◆ **Your assignment**
Your copy should match the listing below word for word, with no images in it.

◆ **Stored data**

<<<<

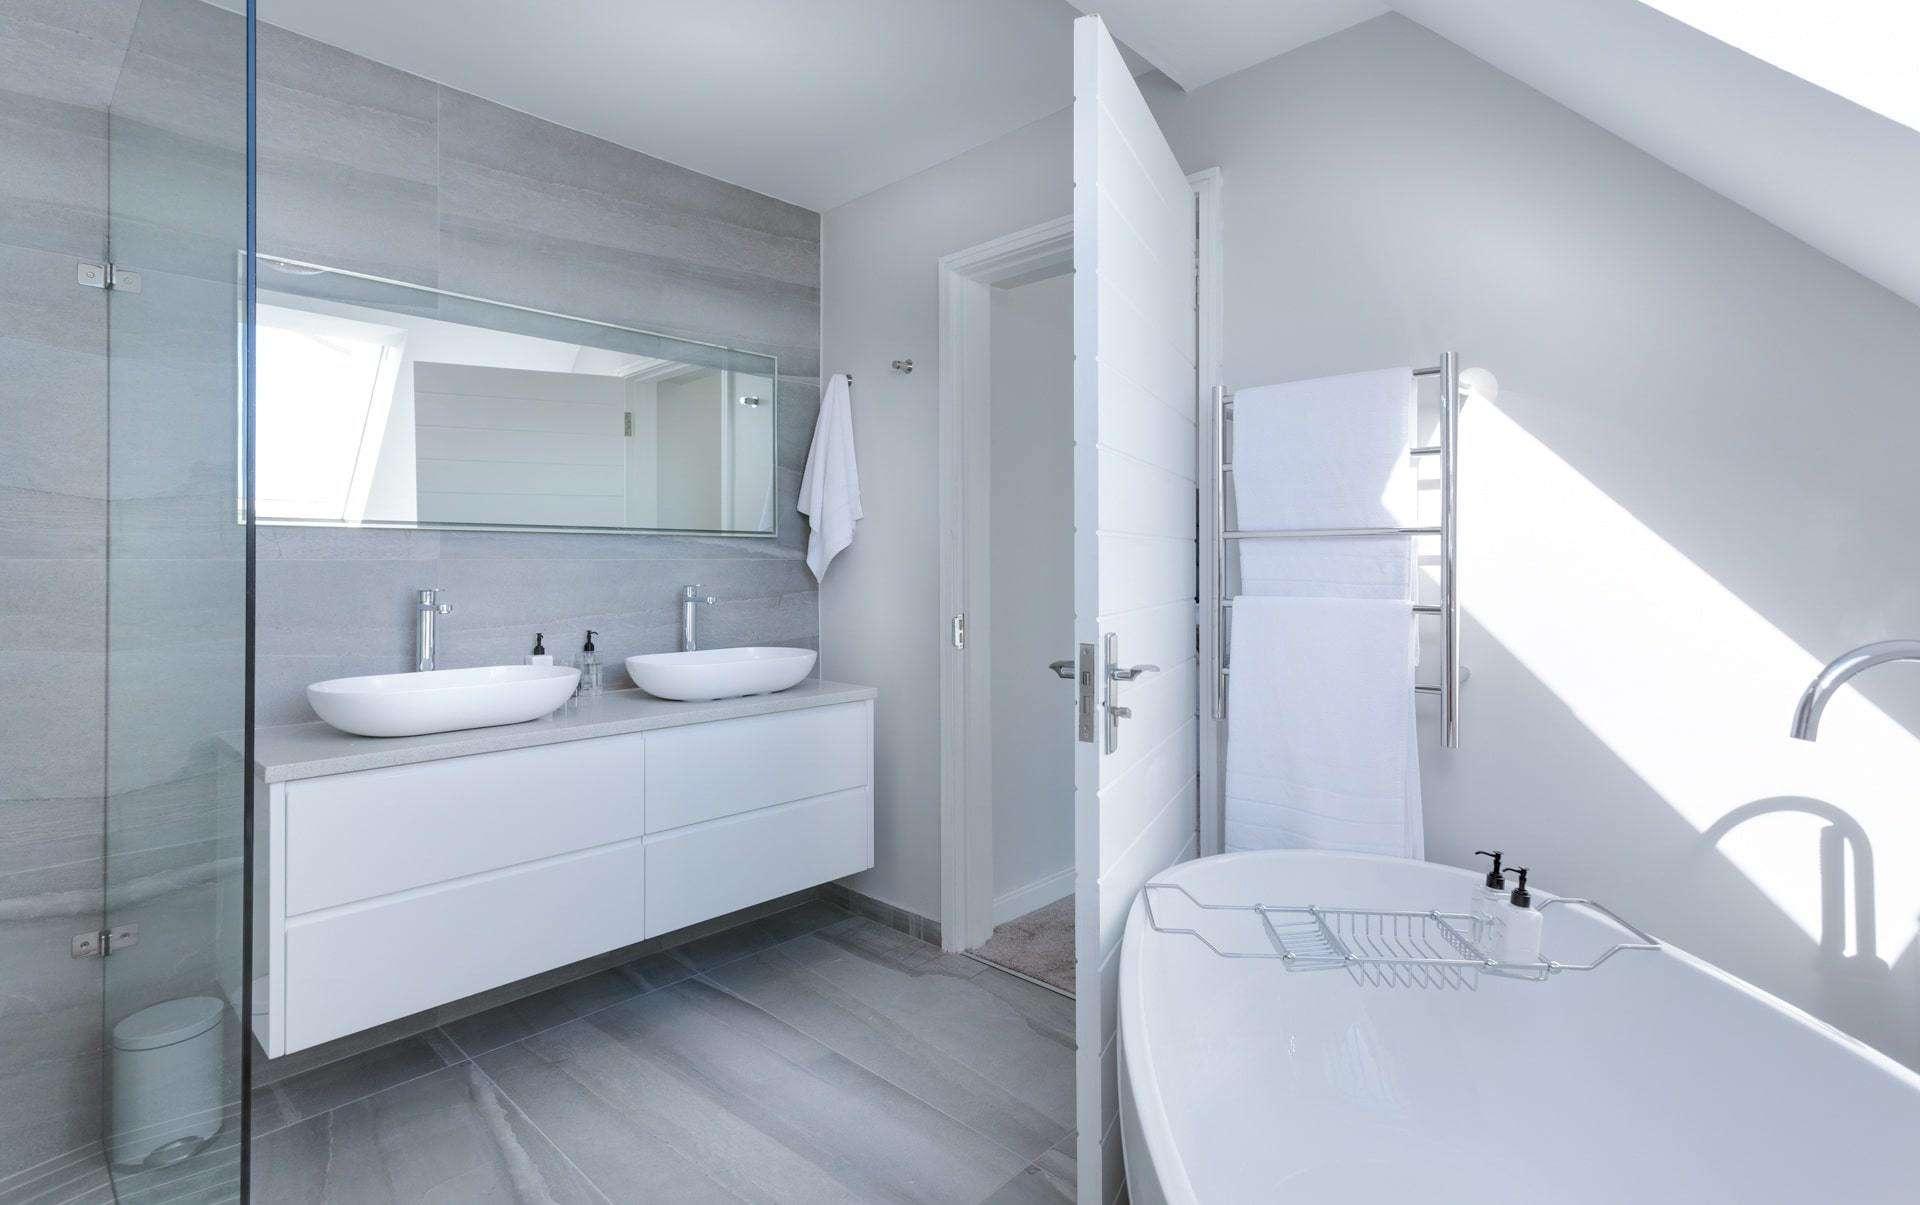 Guide salle de bain (15) : styles, idées, prix et devis
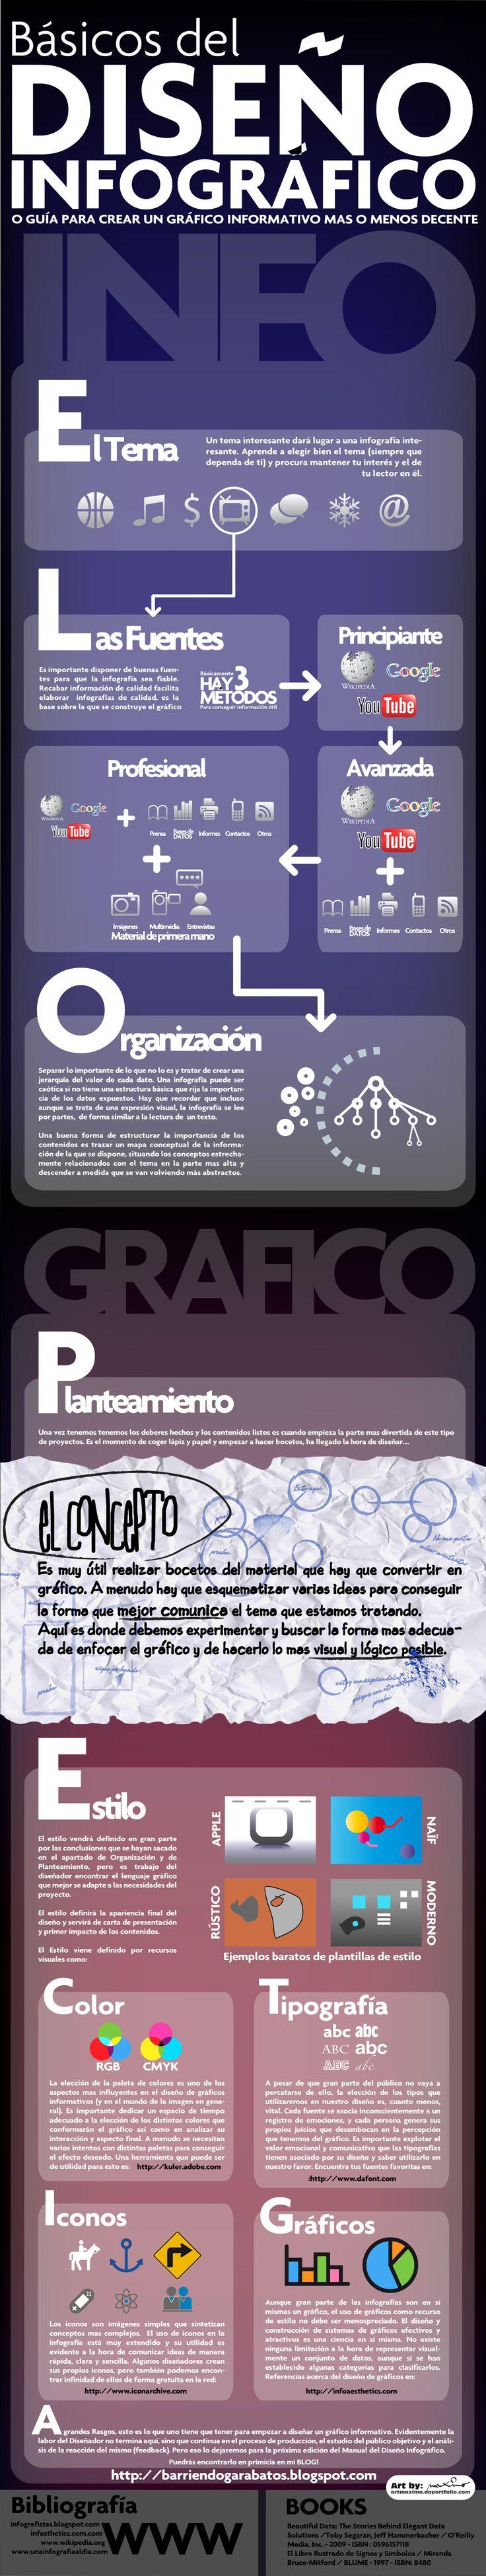 Guía para crear una infografia #infografia
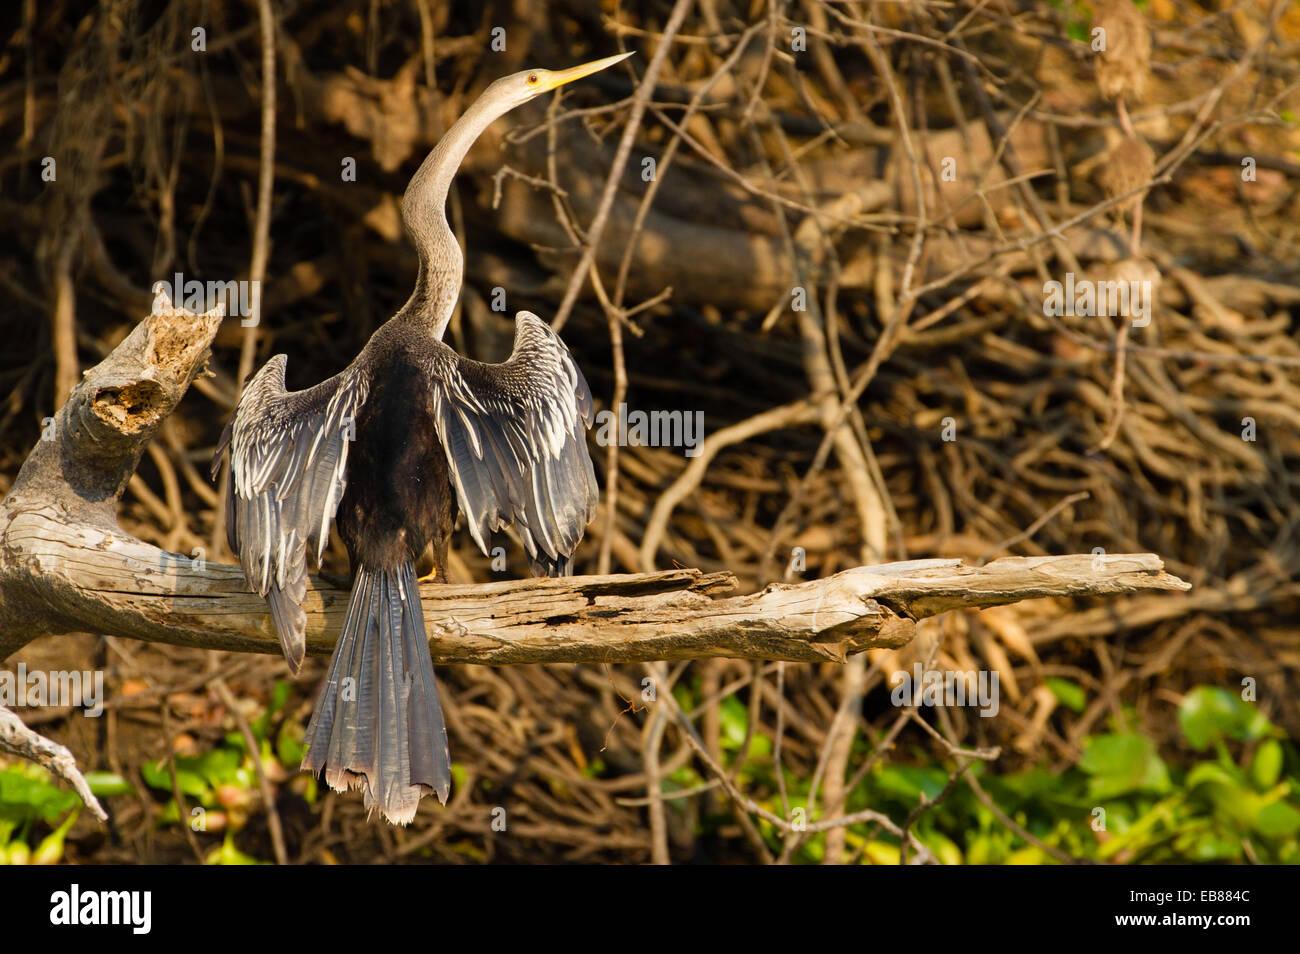 Anhinga (Anhinga anhinga) or Snakebird - Stock Image
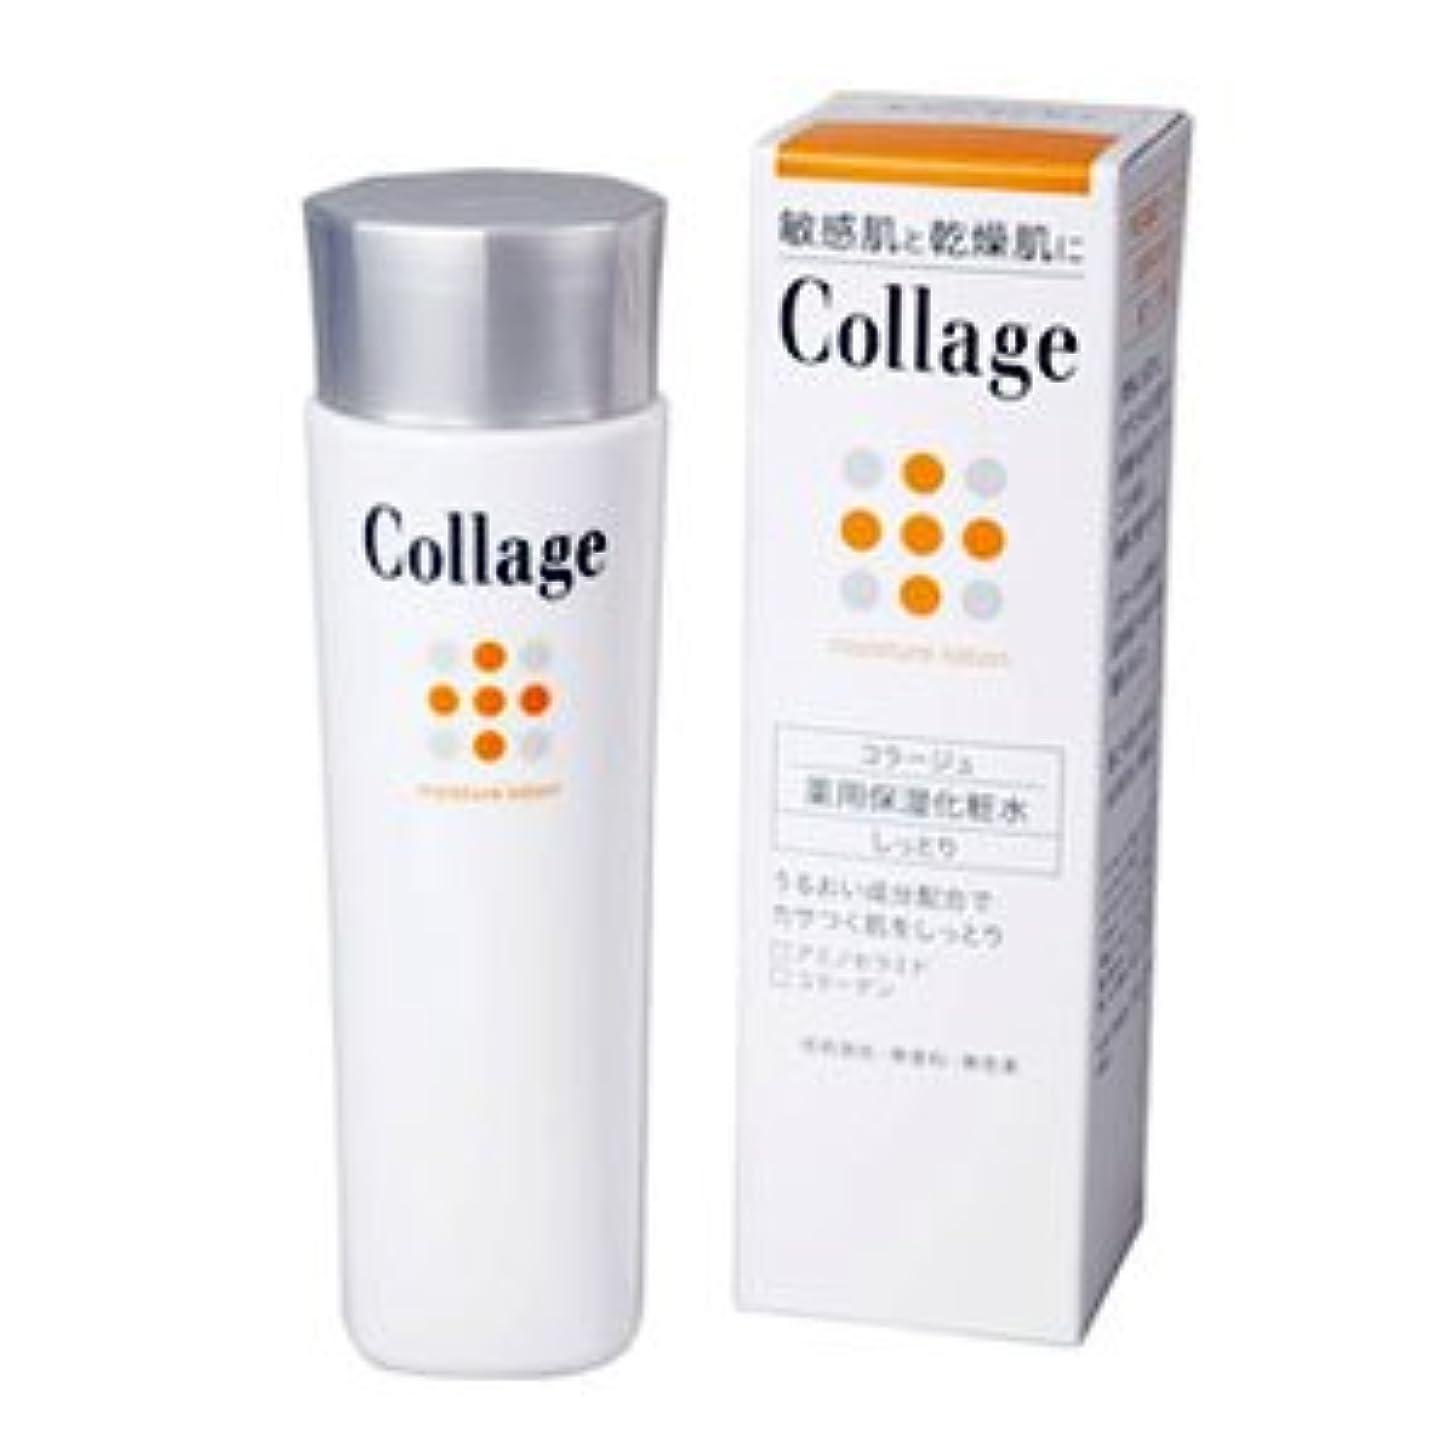 商人マウンド関与するコラージュ 薬用保湿化粧水 しっとり 120ml×2 【持田ヘルスケア】 3740

>>>>

◆ **Task answer**
 Guide salle de bain (15) : styles, idées, prix et devis
 Guía para crear una infografia #infografia
 Anhinga (Anhinga anhinga) or Snakebird - Stock Image
 商人マウンド関与するコラージュ 薬用保湿化粧水 しっとり 120ml×2 【持田ヘルスケア】 3740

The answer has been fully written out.